The biggest challenge for some vegetarians to take the final step towards veganism is the addiction to cheese and for those that love indian food the thought of giving up paneer is terrifying.


I thought that I'd veganize this popular indian dish and see if it could convince some of the die-hard paneer junkies.


This was my first attempt and I think this may turn out to be a favourite for of you out there.

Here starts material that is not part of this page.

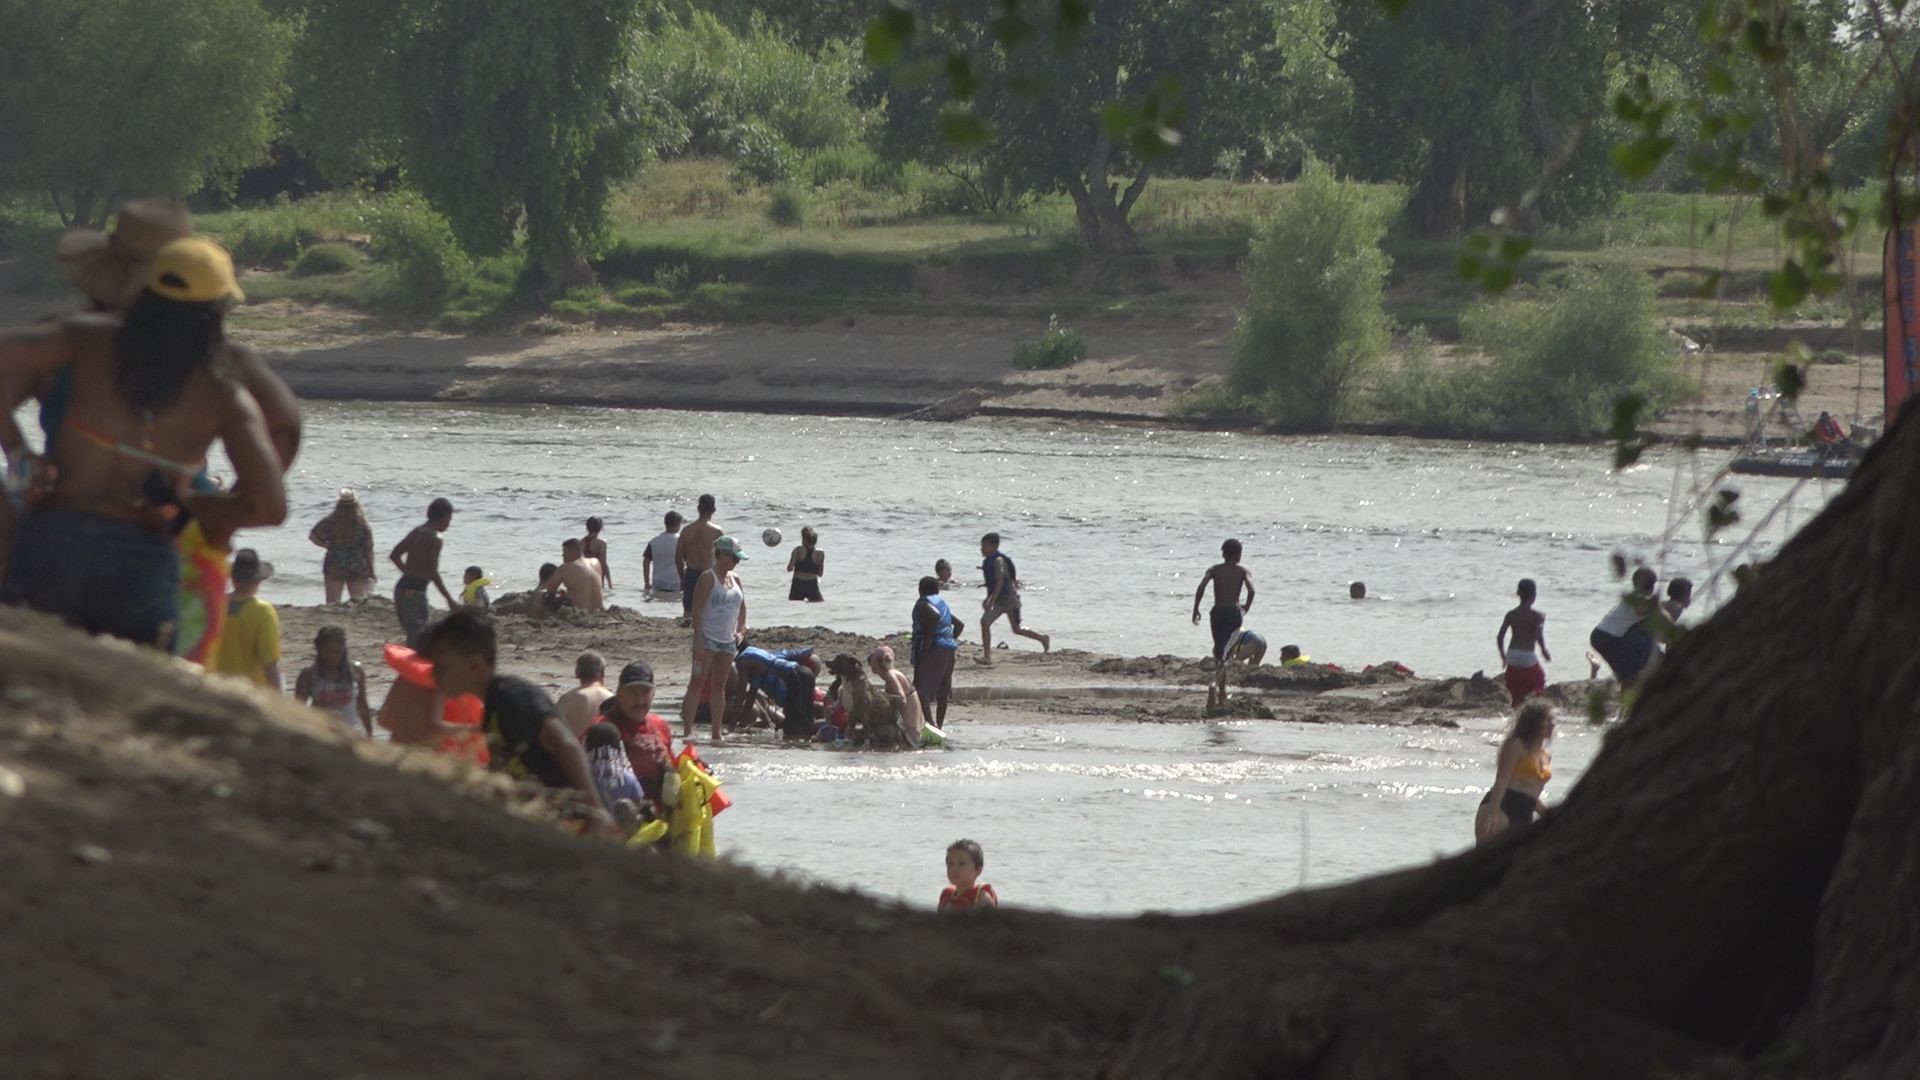 The Sacramento area Drowning Accident Rescue Team were stationed at Tiscornia Park to keep people safe during the Fourth of July weekend.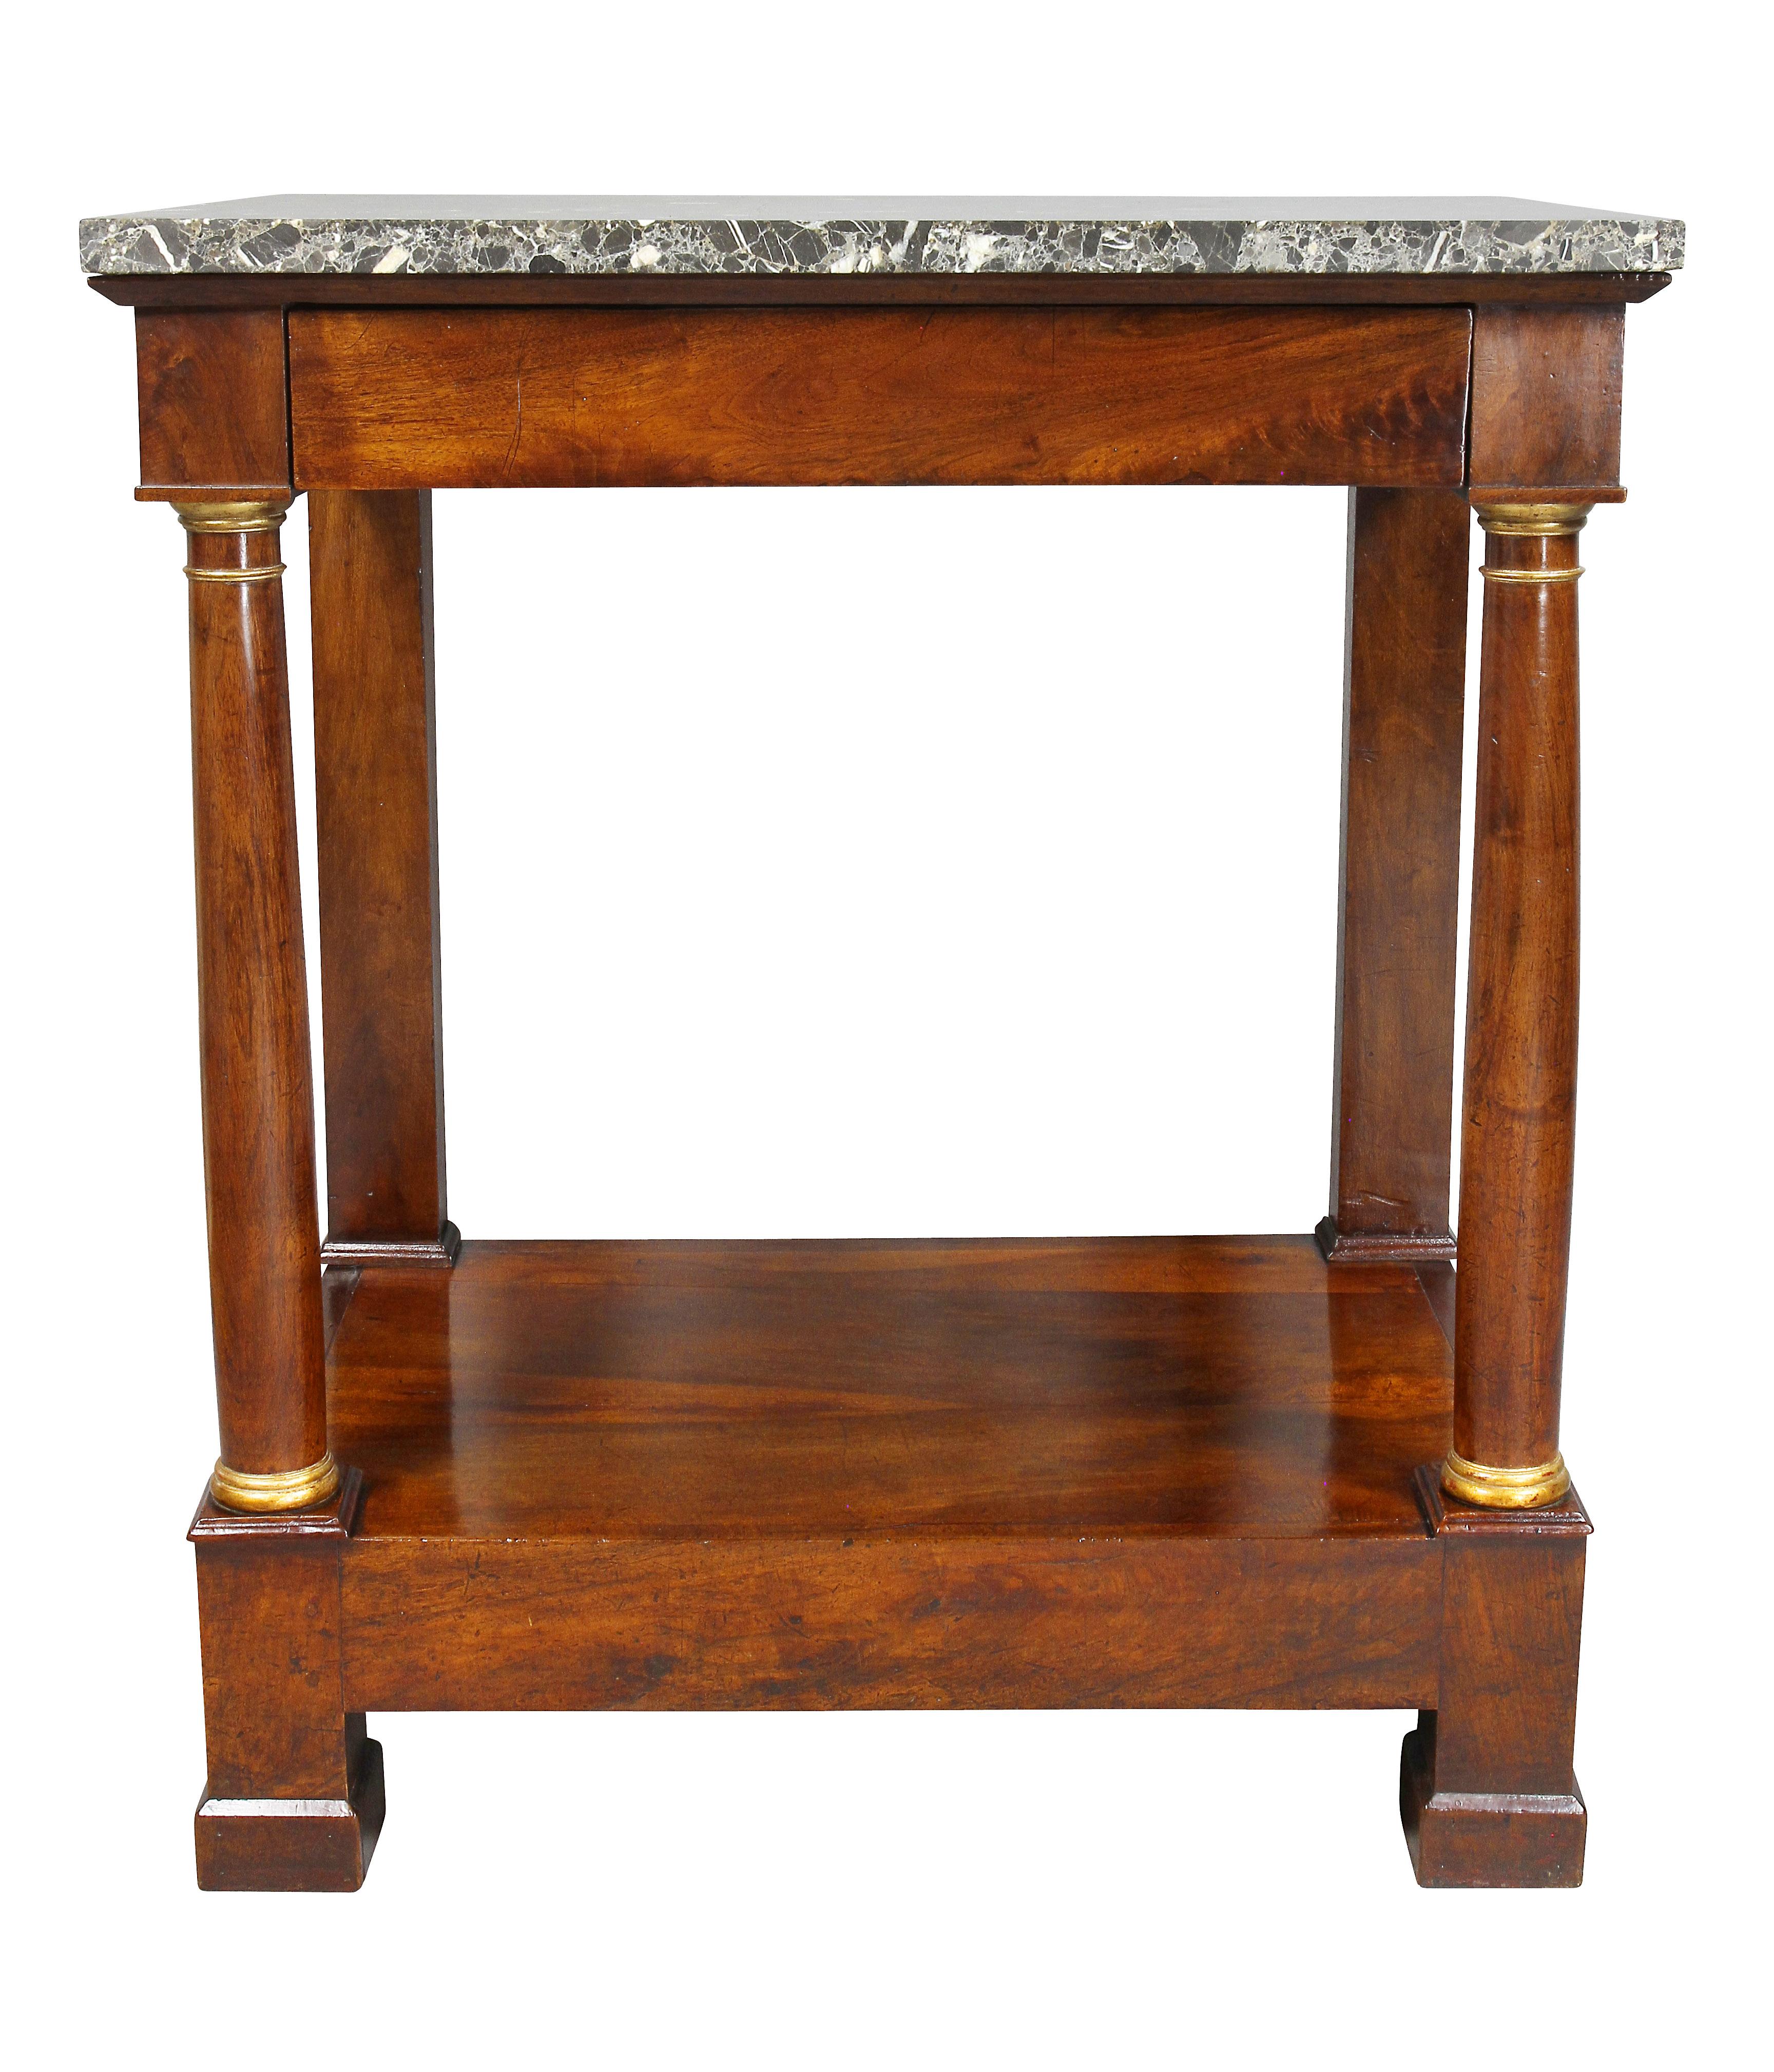 Rectangular original marble top over a frieze with drawer, all supported by parcel gilt columns joining a shelf, block feet.

- 400g Block of firm tofu (grilled until slightly browned and cubed)
- 1 medium Onion (finely diced) 
- 1/2 stick Cinnamon 
- 1/2 cup of raw Cashews
- 3 Cloves 
- 6 Green Cardamoms 
- 1 Bay Leaf 
- 1 tspn Black Cumin Seeds (may subsitute with normal cumin )
- 2 tspn Ginger Paste 
- 1 tspn Garlic Paste 
- 1 tspn Chilli Powder 
- 1 tspn Coriander Powder 
- 2 tspn Cumin Powder 
- 1/4 tbsp Turmeric Powder 
- 400 g tin of cocounut milk
- 2 Green Chillies Sliced
- Fresh coriander (Cilantro) Chopped - for garnish
- Vegetable Oil 
- Salt to Taste





(Sorry for my poor photographic skills)


Method:


1. Brown the cashews lightly in a dry frying pan, then chop coarsely and then set aside.
2. Sautee onions in oil, add cinnamon, cardamom, bay leaf and the black cumin seeds and fry till fragrant.
3. Add the ginger and garlic pastes and stir fry. Then add the cubed tofu
4. Sprinkle in the chilli, coariander, cumin and turmeric powders and mix well.
5. Add the cashews.
6. Add coconut milk and cook over low heat.
7. Once the gravy has thickened considerably, add the salt and remove from heat.
8. Garnish with sliced green chilies and cilantro. You may throw in some slivered almonds for added effect.


PS: Add the salt last as the yogurt tends to curdle into lumps when salt is added while cooking. 









If you like a little more "heat" then add some ground fresh green chillies shortly after adding the coconut milk. I added 5 or 6 and it added the extra bite to the dish.